Schwäbische Zeitung (Laupheim)
Wunschzettel für das Amtsgericht
Richter und Rechtspfleger in Neu-Ulm sind chronisch überlastet - Doch neue Stellen sind derzeit nicht in Aussicht – und auch die geplanten Haftzellen im Haus lassen auf sich warten
NEU-ULM - Alle 73 Amtsgerichte in Bayern klappert Ministerialdirektor Frank Arloth derzeit ab, um sich ein Bild vom Zustand der Behörden zu machen. Das Justizzentrum in der Schützenstraße in Neu-Ulm war die Nummer 59 auf seiner Tour.
Was er dort am Dienstag sah, stellte ihn durchaus zufrieden: „Ich habe ein gut funktionierendes Gericht mit einem sehr guten Arbeitsklima erlebt“, sagte der Amtschef des bayerischen Justizministeriums nach seinem Rundgang und einem Gespräch mit Amtsgerichtsdirektor Thomas Mayer. Er schränkte jedoch ein: „Aber mit einer sehr angespannten Personalsituation und beengten Räumen.“
Die Arbeitsbelastung an den Gerichten ist bayernweit sehr hoch, in Neu-Ulm allerdings überdurchschnittlich, wie sich aus der Personalbedarfsberechnung des Ministeriums ergibt. Sie liegt am Amtsgericht bei 118 Prozent, das heißt, die Neu-Ulmer Richter liegen 18 Prozent über Soll. In ganz Bayern sind es durchschnittlich zehn Prozent.
In der Dienststelle in der Schützenstraße arbeiten 14 Richter, die Zahl der Stellen beträgt 12,25. „Ein Richter fehlt im Prinzip“, räumte Frank Arloth ein. Allzu schnelle Abhilfe stellte er aber nicht in Aussicht, weil die Personalsituation in der gesamten Justiz angespannt sei. Das liege auch an neuen Aufgaben, die hinzugekommen seien, etwa der Bereich Vermögensabschöpfung.
Über ein Beispiel aus der Praxis berichtete Direktor Thomas Mayer – „Zwangsfixierungen von Leuten“. Nach einem Urteil des Bundesverfassungsgerichts vom Sommer dieses Jahres gebe es derzeit eine unklare Rechtslage. Die Karlsruher Richter hatten entschieden, dass eine bestimmte Form der Fixierung von zwangseingewiesenen Psychiatriepatienten von einem Richter genehmigt werden muss, wenn sie länger als eine halbe Stunde dauert. Deshalb mussten die Länder einen richterlichen Bereitschaftsdienst einrichten. „Das betrifft uns massiv“, sagte Mayer.

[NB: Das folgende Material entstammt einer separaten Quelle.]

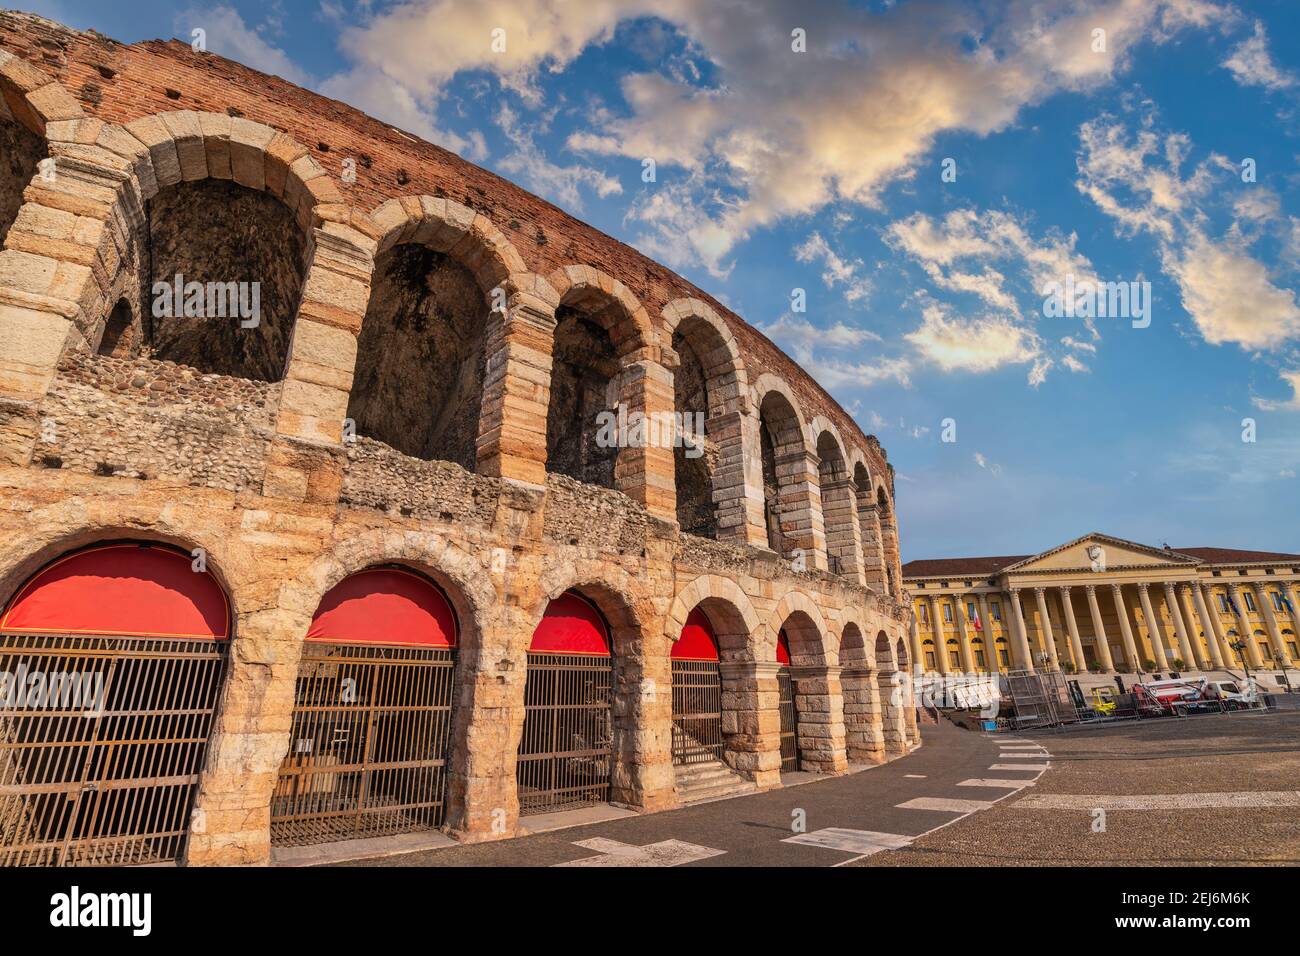 Vérone Italie, vue d'ensemble de la ville à l'Arena de Vérone (Colisée) Banque D'Images

Die Richter seien stundenlang unterwegs, teils bis tief in die Nacht. Ob sich das Urteil auch auf andere Bereiche außerhalb der öffentlich-rechtlichen Unterbringung auswirkt, ist umstritten. „Aus unserer Sicht ist der Bundesgesetzgeber gefordert“, sagte Frank Arloth.
Noch schlimmer als bei den Richtern ist die Lage bei den Rechtspflegern. Die Beamten, die sich beispielsweise mit Nachlässen, Zwangsversteigerungen und Insolvenzen beschäftigen, arbeiten laut Thomas Mayer in Neu-Ulm 35 bis 40 Prozent über Soll. „Da kann es sein, dass wir kurzfristig helfen“, sagte Ministerialdirektor Arloth.
Ein anderer Wunsch, den Thomas Mayer auf dem Zettel hat, lasse sich hingegen erst mittelfristig angehen. Der Direktor würde im Gerichtsgebäude gerne zwei Haftzellen unterbringen – für Strafgefangene, die aus einer Justizvollzugsanstalt vorgeführt werden. Das würde auch der Entlastung der Neu-Ulmer Polizei dienen, die sonst jedes Mal Beamte zur Überwachung abstellen muss. Für die Zellen könnten beispielsweise Büros umgebaut werden, die dann anderweitig untergebracht werden müssten. Geschätzte Umbaukosten: 500 000 Euro. „Die liegen bei uns nicht auf der hohen Kante“, betonte Frank Arloth. Das Amtsgericht Günzburg aber, das 2016 in ein neues Gebäude zog, verfügt über zwei Haftzellen – deshalb hätte Mayer auch gern welche.